As part of its mission, the plane carries 11 instruments to sample the chemical composition of the troposphere and stratosphere. Researchers will be directly measuring and sampling greenhouse gases, ozone-depleting substances, aerosols, and constituents of air quality. The instruments profile the dynamics and meteorology of both layers and observe the distribution of clouds and aerosol particles.

One instrument in particular onboard to measure ozone "works by taking a stream of air from outside the plane and passing it into the body of the instrument," said Newman. "The air flows between a lamp that emits ultraviolet radiation and a UV detector. Because ozone strongly absorbs UV, if there is more ozone in the air, then there is less UV at the detector. If there is less ozone in the air stream, then more UV is detected."

Project scientists expect to take observations from the equator north to the Arctic Circle and west of Hawaii. During its first flight the aircraft flew approximately 4500 nmi along a flight path that took it just south of Alaska's Kodiak Island. The flight lasted just over 14 hours and flew up to 60,900 ft. The mission is a joint project with the National Oceanic and Atmospheric Administration (NOAA).
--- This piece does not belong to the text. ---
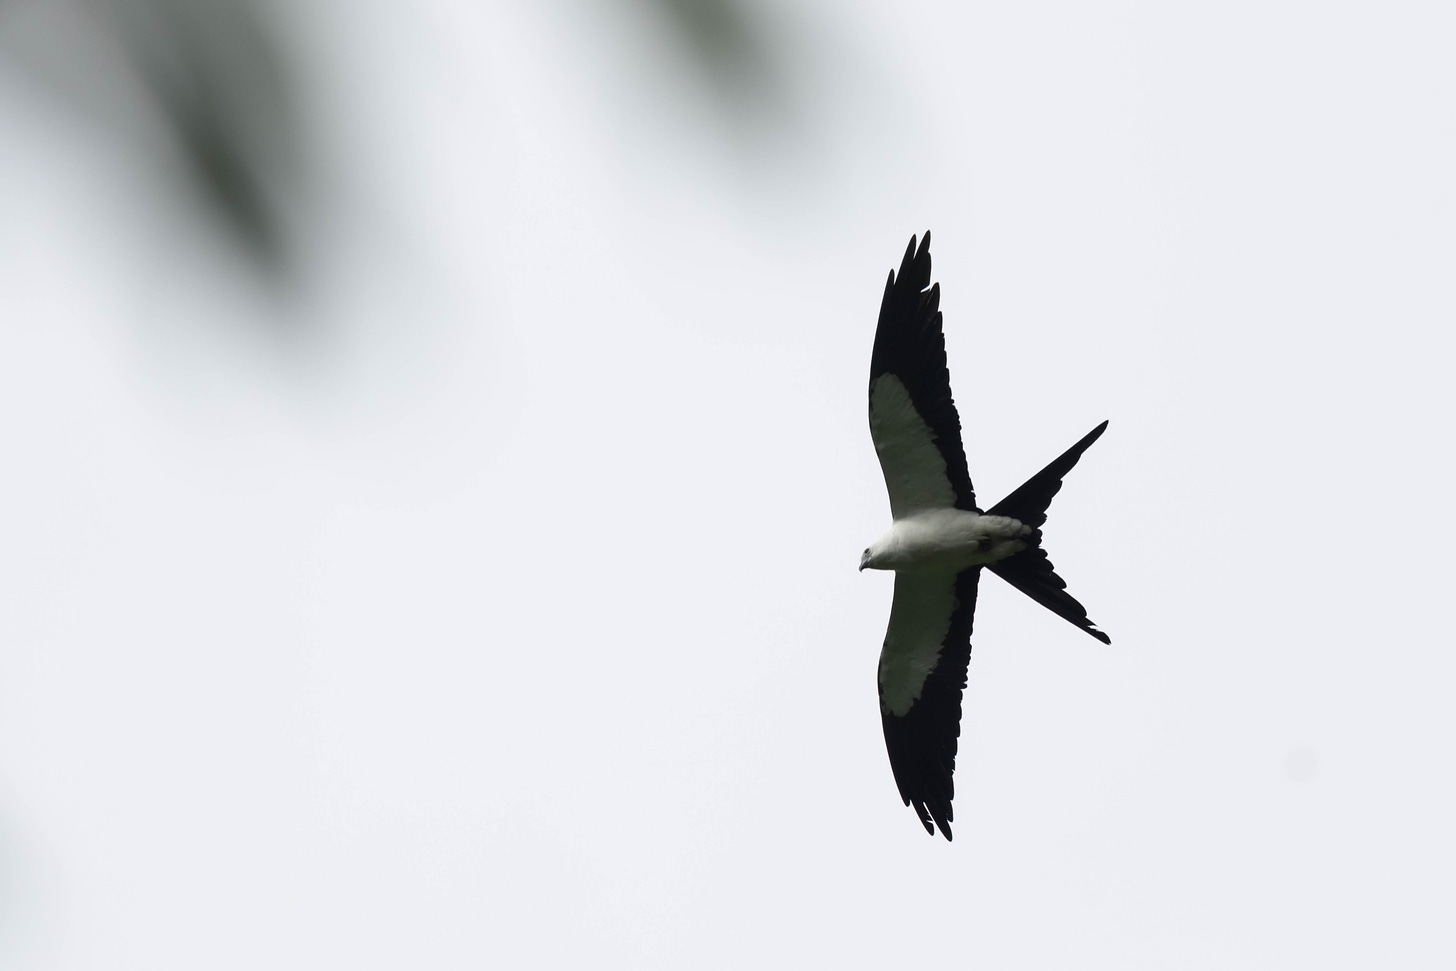 a white raptor with thin, long, pointy wings, the tips and trailing edge black, with a black tail deeply forked like a swallow's, flying left against a white sky

Although the plane is designed to fly on its own, pilots can change its course or altitude based on interesting atmospheric phenomena ahead. 

"The Global Hawk is a fantastic platform because it gives us expanded access to the atmosphere beyond what we have with piloted aircraft," said David Fahey, Co-mission Scientist and a research physicist at NOAA's Earth System Research Laboratory. "We can go to regions we couldn't reach or go to previously explored regions and study them for extended periods that are impossible with conventional planes."

As an added benefit, the timing of GloPac flights should allow scientists to observe the breakup of the polar vortex. The vortex is a large-scale cyclone in the upper troposphere and lower stratosphere that dominates winter weather patterns around the Arctic and is particularly important for understanding ozone depletion in the Northern Hemisphere, according to the researchers.

Scientists also expect to gather high-altitude data between 45,000 and 65,000 ft, where many greenhouse gases and ozone-depleting substances are destroyed. They will measure dust, smoke, and pollution that cross the Pacific from Asia and Siberia and affect U.S. air quality.

"I imagine that in the future there will be fleets of these aircraft probing our atmosphere and providing information for weather forecasting, hurricane reconnaissance, ozone depletion, and climate change," said Newman.

The Global Hawk will make several flights directly under the path of NASA's Aura satellite and other "A-train" Earth-observing satellites, "allowing us to calibrate and confirm what we see from space," said Newman. GloPac is specifically being conducted in conjunction with NASA's Aura Validation Experiment.

The GloPac mission includes more than 130 researchers and technicians from NASA's Goddard, Dryden, Jet Propulsion Laboratory, and Ames Research Center. Also involved are NOAA's Earth System Research Laboratory; the University of California, Santa Cruz; Droplet Measurement Technologies; and the University of Denver.